Senescent cells in culture have a characteristic morphology that makes them distinguishable from proliferating cells (Dimri, 1995). Once in senescence, cells become flatter and the nucleus becomes enlarged. The cause for these morphological changes is not fully understood but the increase in cell size may be associated with the process of cell cycle arrest, where the imbalance of DNA: cytoplasm ratio in itself may contribute to aging (Neurohr et al., 2019).

SA-β-Gal Activity

The cytoplasmic content of senescent cells also changes, with an increase in lysosomal SA- β-Gal activity. This enzyme is thought to exist in cell lysosomes, which are known to increase in size as cells age. Therefore, a high SA- β-Gal activity would be expected in senescent cells. However, this is not considered to be exclusive, as it can also be found in other cell types of non-senescent nature and in some cases may not be established in senescence (Dimri, 1995; Lee et al., 2006; Huang and Rivera-Pérez, 2014).

Cell Cycle Arrest

The CDK/Cyclin complexes are necessary to progress through the cell cycle. In senescent cells, this interaction between cyclins and CDKs is blocked by CDKIs (Blagosklonny, 2011). The INK4A gene encodes the p16 protein, which inhibits the Cyclin D/CDK4/6 complex to stop the progression of G1 phase to S phase (Jingwen et al., 2017). It is often used as a marker for senescent cells due to its increased levels of expression. The CDKN1A gene encodes p21, which inhibits the Cyclin E/CDK2 and Cyclin B/CDK1 complexes (Jingwen et al., 2017). The inhibitor is commonly used a marker as well, but is less specific, since it can be upregulated in other situations (Hernández-Segura et al., 2018).

Nuclear Changes

In addition to the increase in nuclear size, senescent cells have changes to the nuclear lamina, which impact on nuclear stability (Hernández-Segura et al., 2018). The nuclear lamina is made up of lamin proteins, which are type V intermediate filaments, and is disassembled and reassembled with every mitotic division (Freund et al., 2012). Lamin B1 is expressed differentially between pre-senescent and senescent cells: in various primary human fibroblast cell lines, a decrease of protein and mRNA expression of Lamin B1 can be observed, suggesting its use as a senescent cell biomarker (Freund et al., 2012).

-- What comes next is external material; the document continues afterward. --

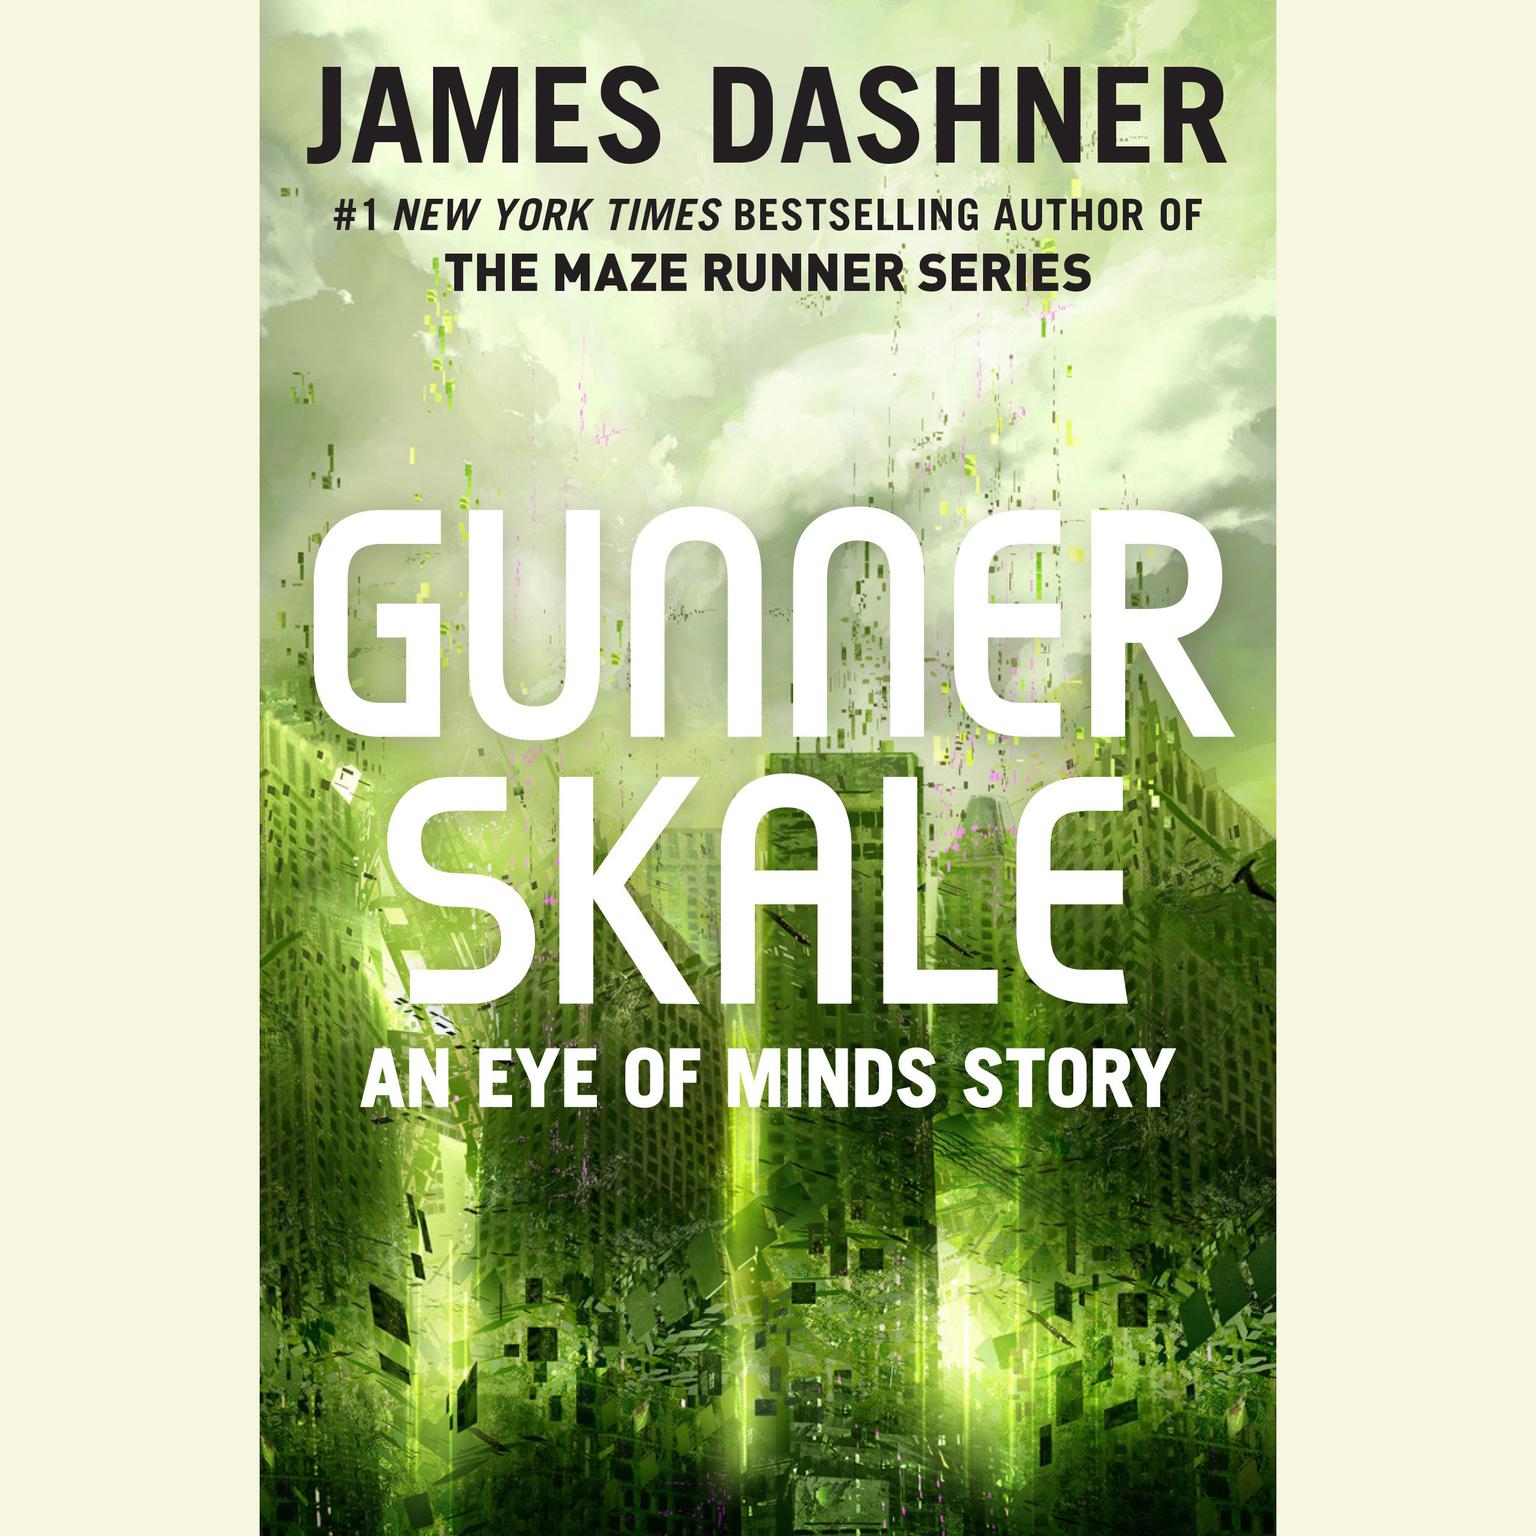 Gunner Skale: An Eye of Minds Story (The Mortality Doctrine): An Eye of Minds Story Audiobook, by James Dashner

Changes in chromatin structure are also exhibited in senescent cells. Heterochromatin becomes more prominent, with areas of nucleus having denser DAPI (diamidinophenylindole) stained foci that have been called senescence associated heterochromatin foci (SAHFs) and may be involved in gene silencing of proliferation genes (Aird and Zhang, 2012). These SAHFs can also be distinguished with specific epigenetic markers, such as H3K9me3, H3K27me3, and macroH2A, a facultative heterochromatin histone variant (Parry and Narita, 2016). DNA methylation patterns change during the process of aging as well, with hypomethylation in heterochromatic regions and focal hypermethylation in gene-associated cytosine-guanine islands (CGIs) (Ciccarone et al., 2018). Histone modifications can cause repression of certain genes, silencing those involved in cell cycle progression.

SASP

The SASP consists of a collection of molecules secreted by senescent cells that shape the microenvironment. These molecules include proteases and growth factors, chemokines and cytokines such as IL-6, IL-8 and IL-1β (Borodkina et al., 2018). Interleukins take part in activating signaling pathways such as Jak/STAT, PI3K, and MAPK (Garbers et al., 2013). Proteases, such as matrix metalloproteases (MMPs) and serine proteases, are involved in the development and regeneration of the extracellular matrix. The inhibitors of these proteins and signaling molecules are also secreted by senescent cells to regulate their functions (Borodkina et al., 2018), so the net effect is dependent on this balance. Although the SASP works to promote tissue repair and regeneration and encourages immune surveillance, it can also be detrimental to health. For example, through paracrine induction of epithelial to mesenchymal transition and attraction of immunosuppressive immune cells, it can contribute to tumorigenesis and metastasis in cancer (González-Meljem et al., 2018).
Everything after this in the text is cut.